4. The importance of outreach and communications: An overview

Despite the considerable progress made to date, Human Rights Watch has identified several policy areas of the Office of the Prosecutor’s work that raise concerns because of their negative impact on perceptions of the ICC as an independent and impartial institution. As discussed below, while some of these policies may need to be adjusted, in addition, a consistent feature of many of our recommendations is the importance of developing and maintaining an effective outreach and communications strategy in the communities most affected.126 The prosecutor’s selection of cases offers victims their first “benchmark” to assess the ICC’s relevance in addressing their experiences. At the same time, for those opposing the court’s work, including alleged perpetrators, there is incentive to spread or exploit negative rumors about the work of the prosecutor’s office and the court in order to diminish the ICC’s impact in affected communities.

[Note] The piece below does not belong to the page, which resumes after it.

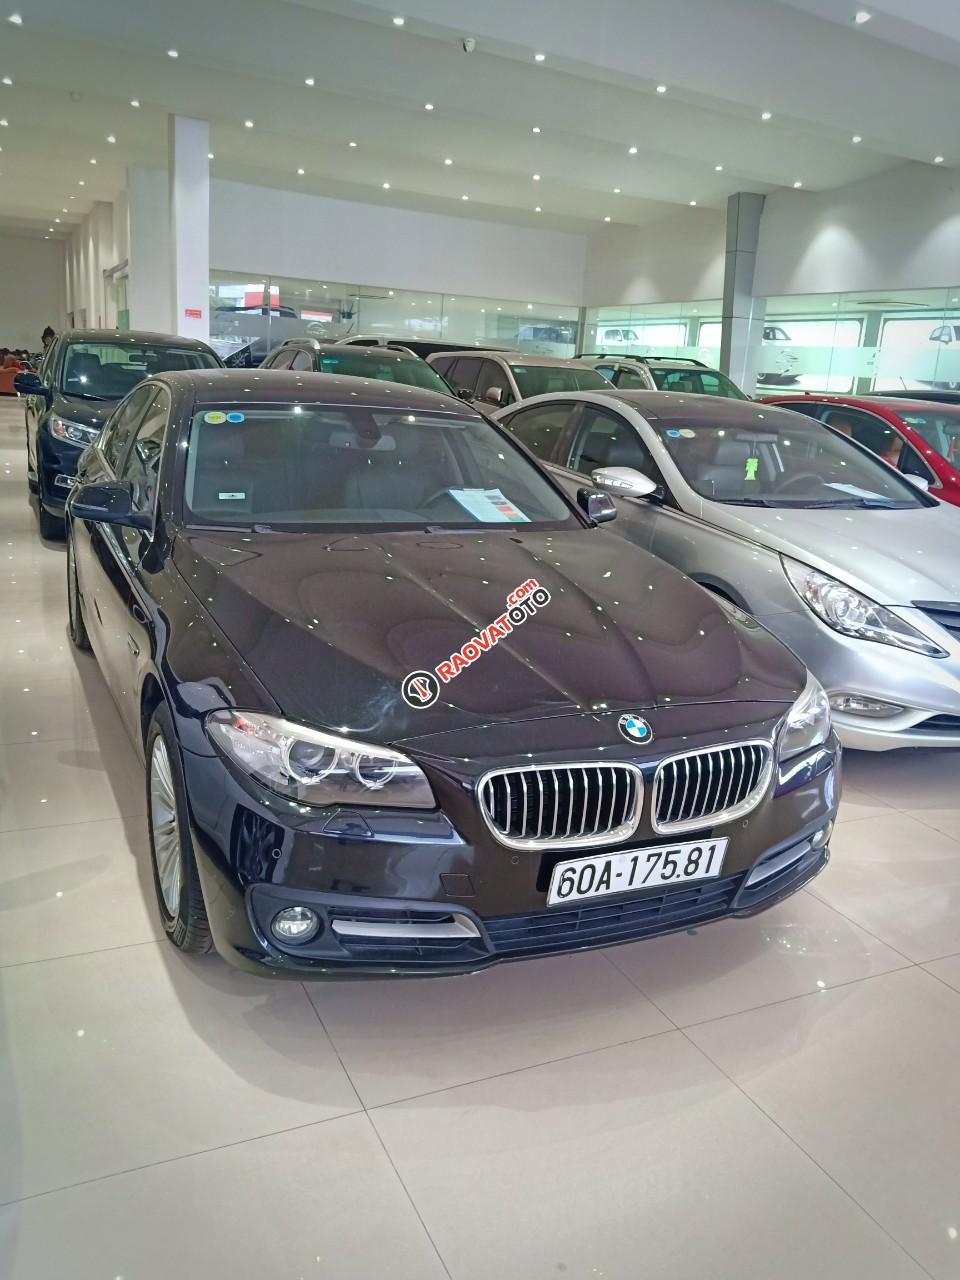 Cần bán BMW 520i đời 2014 2.0 AT xe nhập khẩu nguyên chiếc tại Đức, odo: 53.000 km, màu đen, xe đẹp-7

Of course, the nature of the court’s work, its operation in conflict-ridden or otherwise unstable country situations, and reliance on state cooperation means that to a certain extent, misperceptions and dissatisfaction about the prosecutor’s strategy and the court’s work are unavoidable. Nonetheless, some of these misunderstandings can be addressed with a robust outreach and communications strategy in the field. Effectively conveying important information about the OTP’s work to affected communities, including non-confidential developments in investigations and prosecutions, can help address expectations of what can be achieved and combat misinformation. Ultimately, this will maximize the ICC’s credibility among these communities.

B. The Office of the Prosecutor’s selection of situations

1. Situation selection: Legal requirements

The ICC’s jurisdiction is triggered in one of three ways. First, a state party can refer a “situation”—meaning a specific set of events—to the court where it appears that crimes within the jurisdiction of the court have been committed.127 The crimes alleged may have been committed on the territory of the government referring the situation to the ICC. The ICC opened investigations in the DRC, Uganda, and the CAR following such “voluntary referrals.” A state party can also refer a situation to the ICC involving another state, provided the crimes alleged somehow implicate a state party to the Rome Statute: either the alleged crime took place on the territory of, or the suspected perpetrator is a national of, a state party.128

Second, the Security Council can refer to the ICC a situation that it determines presents a “threat to international peace and security” under its Chapter VII mandate of the UN Charter. The authority of the Security Council to do so extends to non-states parties and was used to refer the situation in Darfur, Sudan to the ICC.129

Third, the prosecutor can initiate a preliminary examination proprio motu on the territory of a state party on the basis of information about crimes within the ICC’s jurisdiction and, if a pre-trial chamber agrees, the prosecutor can open a formal investigation.130

Not all situations brought to the prosecutor’s attention will be selected for formal investigation, however. Once identified, the OTP must analyze the set of events in question to determine whether they meet the legal requirements under the Rome Statute to proceed.131 First, there must be a reasonable basis to believe that a crime within the jurisdiction of the court has been or is being committed. Even where an ICC crime or crimes have been committed, the OTP must determine whether they would be admissible. There are two components of admissibility: gravity and complementarity.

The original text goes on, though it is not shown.